After choosing the better cleaning protocol, the results were compared with the ones obtained when a more conservative method, commonly found in the literature, is applied, the 3SD method. When both methods were compared, the G1.0L2.5 method significantly improved the spatial structure of the data and significantly increased the percentage of fields with a normal distribution of yield data.
The presented framework for yield data cleaning is proposed as an easily applied approach for cleaning yield data error measurements. As the protocol includes both global and local filtering, both outliers and inliers will be erased. The framework employs a parametric approach at both the global and local levels. However, since the unfiltered datasets do not follow a normal distribution, the median and interquartile range are used as filtering statistics, as the data distribution has less influence on them. The proposed cleaning method was tested on a large dataset across different locations, growing seasons, and two crops, yielding good results.
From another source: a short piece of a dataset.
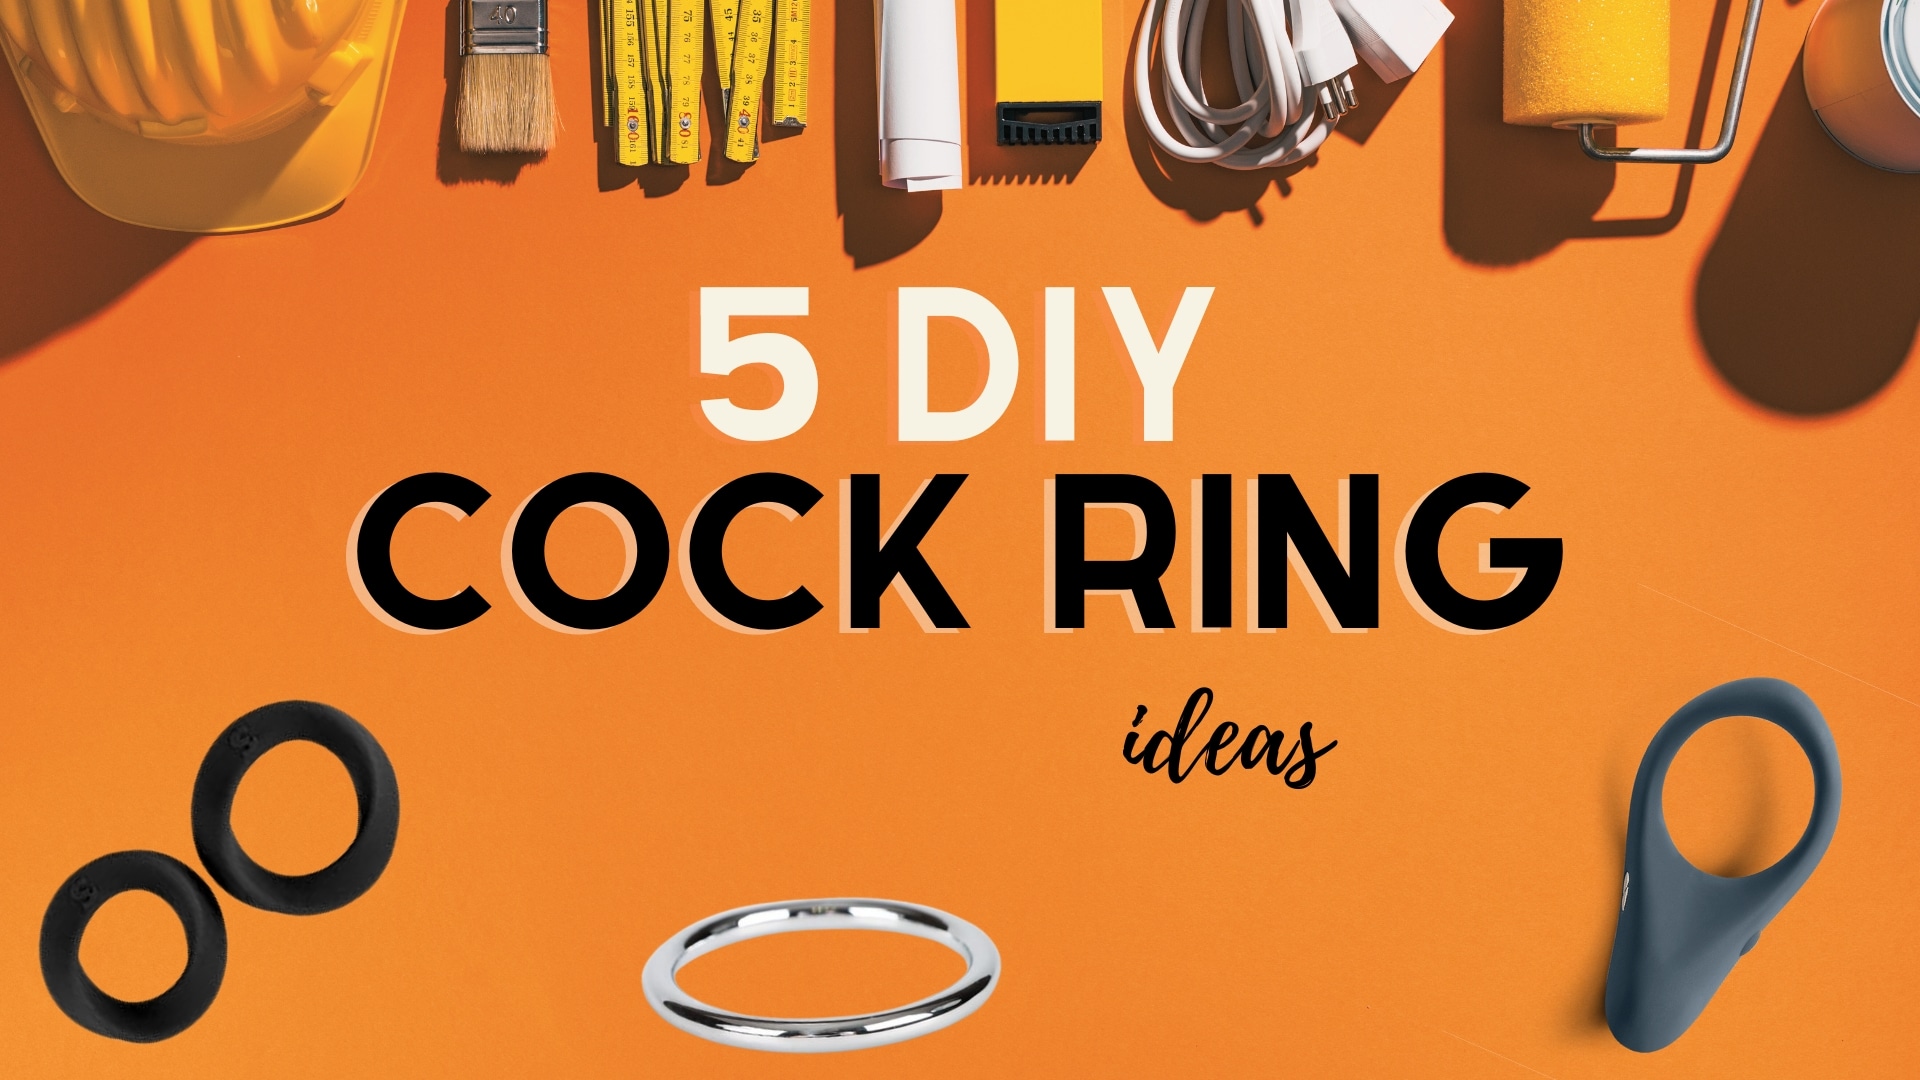 DIY Cock Ring Ideas: How to make one at home

It has lower computational requirements than more complex methods, and the cleaned data was used to train ML models with good results as a form of validation. Future studies should focus on applying the selected data-cleaning method to other locations and crops to assess the quality of the cleaned data and determine whether the same cleaning level can be applied to conditions not included in the present work.
5. Conclusions
The presented study proposes a data-cleaning methodology for yield data in wheat and barley crops, applied to a large dataset. Only georeferenced yield data was used in the proposed methodology, allowing the application to all yield maps generated by the YieldTrack software. Firstly, biological outliers and measurements below 500 kg ha−1 are deleted. Secondly, low-computational-expense parametric global and local filtering is applied, using statistics robust to non-normally distributed data (median and interquartile range). Four different limit coefficients were used for global and local filtering, yielding in 20 cleaning levels, which were compared to select the optimal one. The percentage of deleted data, the spatial structure, a descriptive analysis of the data, and the performance of machine learning models trained and tested on clean data and Sentinel-2 reflectance data were used to select the best approach.
The selected level was the G1.0L2.5. This cleaning method was among the most effective in improving the spatial structure of the data and the predictive performance of machine learning models. The maximum percentage of polygons deleted was 42% and 33% for wheat and barley, respectively, and the percentage of fields that showed a normal distribution after filtering was highest at 82.9% and 78.7% for wheat and barley, respectively. The use of the selected method increased the mean and median of the datasets, and decreased the standard deviation and CV values.
Future work will focus on applying the selected cleaning method to other locations and crops, as well as to the Yield Track software, and on evaluating the quality of the cleaned data not included in the present study. In addition, the results of the present work will enable the development of early yield-prediction models that producers can use to implement site-specific crop management and apply correction measures when necessary.
This approach will enable the training of predictive models for advanced phenological stages, which can be applied to estimate cereal production. These estimations contribute to Sustainable Development Goal 2 (Zero Hunger) by improving food security and agricultural planning, and to Sustainable Development Goal 8 (Decent Work and Economic Growth) by reducing market uncertainty and facilitating risk management.